Этому прямодушному и честному человеку г-н Барбе д’Оревильи противопоставил в романе двух других священников — аббата Югона и аббата Меотиса. Аббат Югон, — какая добрая душа! — возвращаясь из изгнания, первым делом открывает жене Сомбреваля, которая в это время беременна Каликстой, что ее муж — священник; а аббат Меотис, — какое чувствительное сердце! — поразмыслив, должен ли он убить Каликсту, в конце концов покоряется воле неба и сообщает девушке, что отец обманывает ее, что он оскверняет святое причастие. Таким образом, жену Сомбреваля губит аббат Югон, а Каликсту — аббат Меотис, причем оба они сознательно идут на убийство, особенно второй из них: этот ангел кротости виновен в преступлении с заранее обдуманным намерением. Г-н Барбе д’Оревильи поистине удачно нашел, кого показать нам в качестве верных служителей господних. Что для них любое живое существо? Его удел — страдать и умереть; интересы неба — прежде всего.

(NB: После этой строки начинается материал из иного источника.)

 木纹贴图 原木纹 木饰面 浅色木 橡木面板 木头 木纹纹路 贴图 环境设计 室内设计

Вот какова их религия — религия, унизительная для души и для воли человека, оскорбительная для самого бога. В то время как Сомбреваль днем и ночью борется с болезнью Каликсты, аббат Меотис сложа руки спокойно ждет благоусмотрения небес; тогда как несчастный отец обманывает самого себя, отрекается от всего, что составляло его силу, от всех своих убеждений, дабы ценой самоуничтожения купить жизнь дочери, находится священник, который, по повелению свыше, исподтишка наносит удар и убивает насмерть ни в чем не повинное юное создание. И после этого г-н Барбе д’Оревильи пытается нас уверить, что Каликсту спровадил на тот свет Сомбреваль! В таком случае, очевидно, спасти ее хотел аббат Меотис. Впрочем, и это похоже на правду: иные священники часто получают такие указания небес, которые повергают целые семьи в траур, а слабые души всегда находят, на кого свалить вину за гнев божий.

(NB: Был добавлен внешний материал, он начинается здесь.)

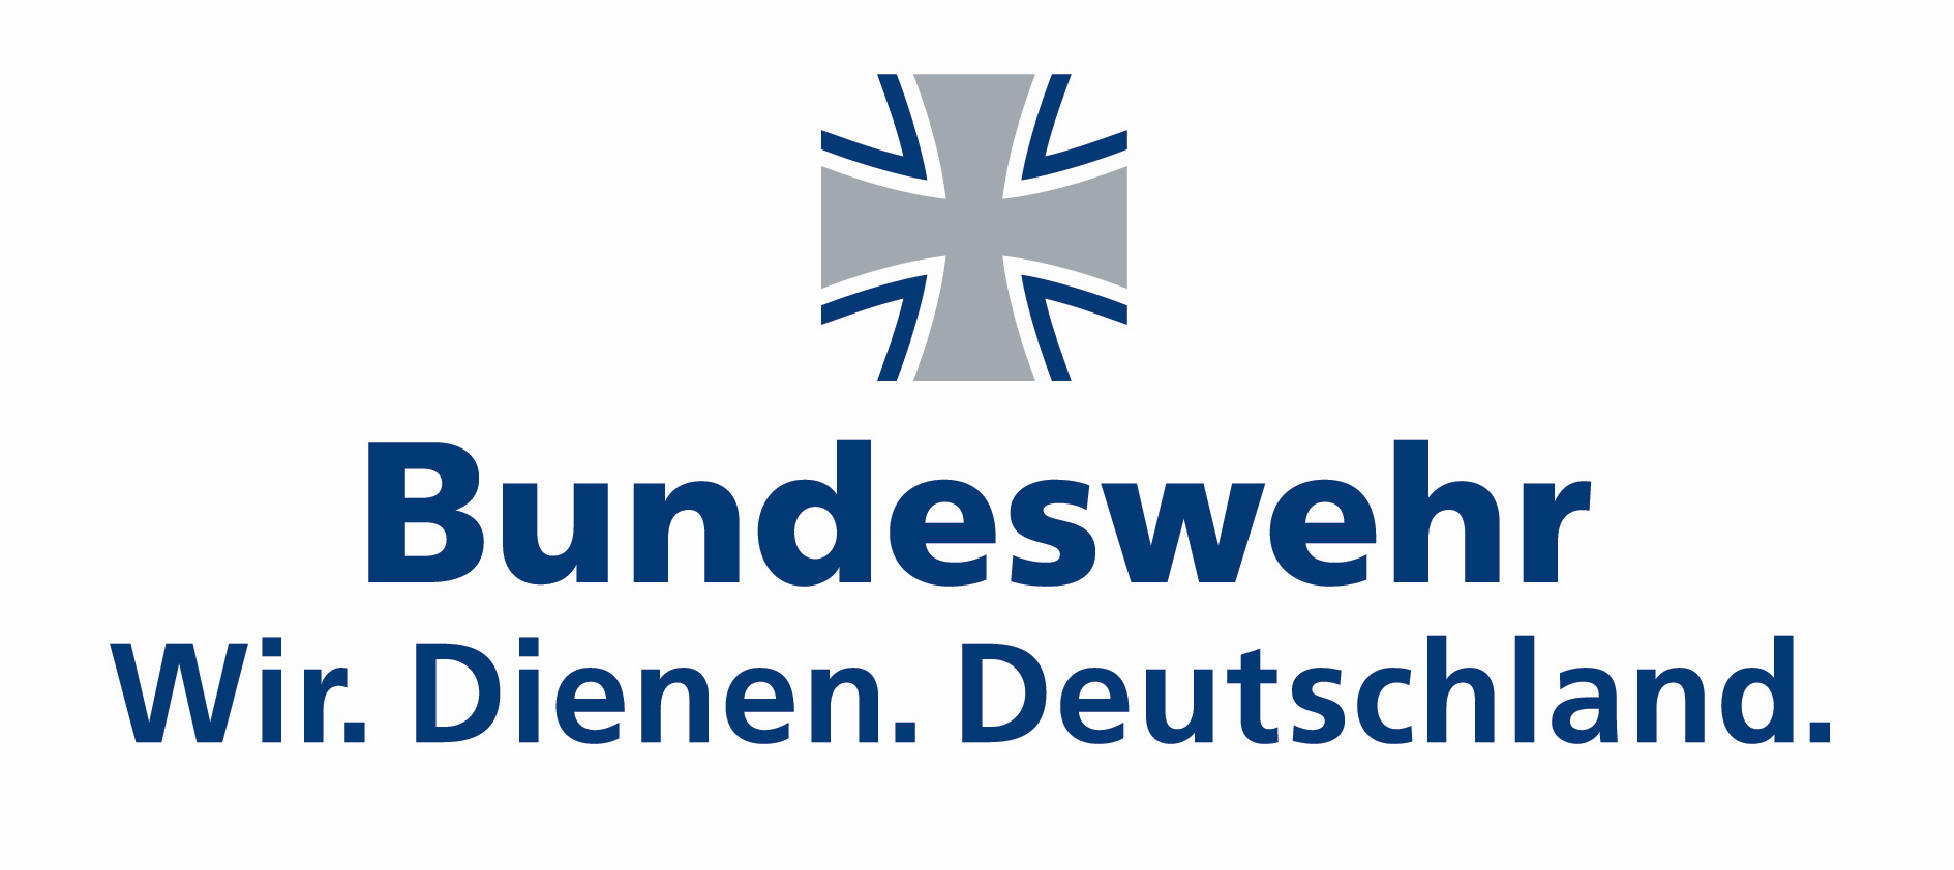 http://www.dvs-interskideutschland.de/Logo%20Bundeswehr.jpg

Сама же Каликста вообще не от мира сего, — она целиком принадлежит к миру чудес и экстаза. От нее исходит блеклый аромат увядания; она красива холодной, безжизненной красотой. Истаявшая от недуга, молодая без молодости, с непомерно расширенными зрачками, с прозрачной, бледной кожей, с этим крестом на лбу, прикрываемым широкой красной лентой, она выглядит таким тщедушным и нездоровым созданием, что вызывает просто неприятное чувство. Темперамент Каликсты под стать ее вере; сотрясающая эту молодую особу нервная болезнь — истинная причина ее экстатических состояний; ее истерии хватило бы на несколько дюжин религиозных кликуш. Словом, г-н Барбе д’Оревильи сотворил престранную девицу, отцом которой не захотел бы быть никто; место этого отлетающего создания не в церкви, а в доме умалишенных. К счастью, господь, более милостивый, чем наш автор, не посылает людям таких детей, даже в наказание за грехи. Каликста — жертва своего расстроенного воображения, занятный случай каталепсии и сомнамбулизма, который охотно исследовал бы любой врач, если бы натолкнулся на него в жизни. Она — плод художественного вымысла, удавшийся, если хотите, как некий курьез. Но зачем нужна эта безумная, это фантастическое существо в книге, претендующей на истолкование явлений современной действительности? Подобными доводами никого не убедишь.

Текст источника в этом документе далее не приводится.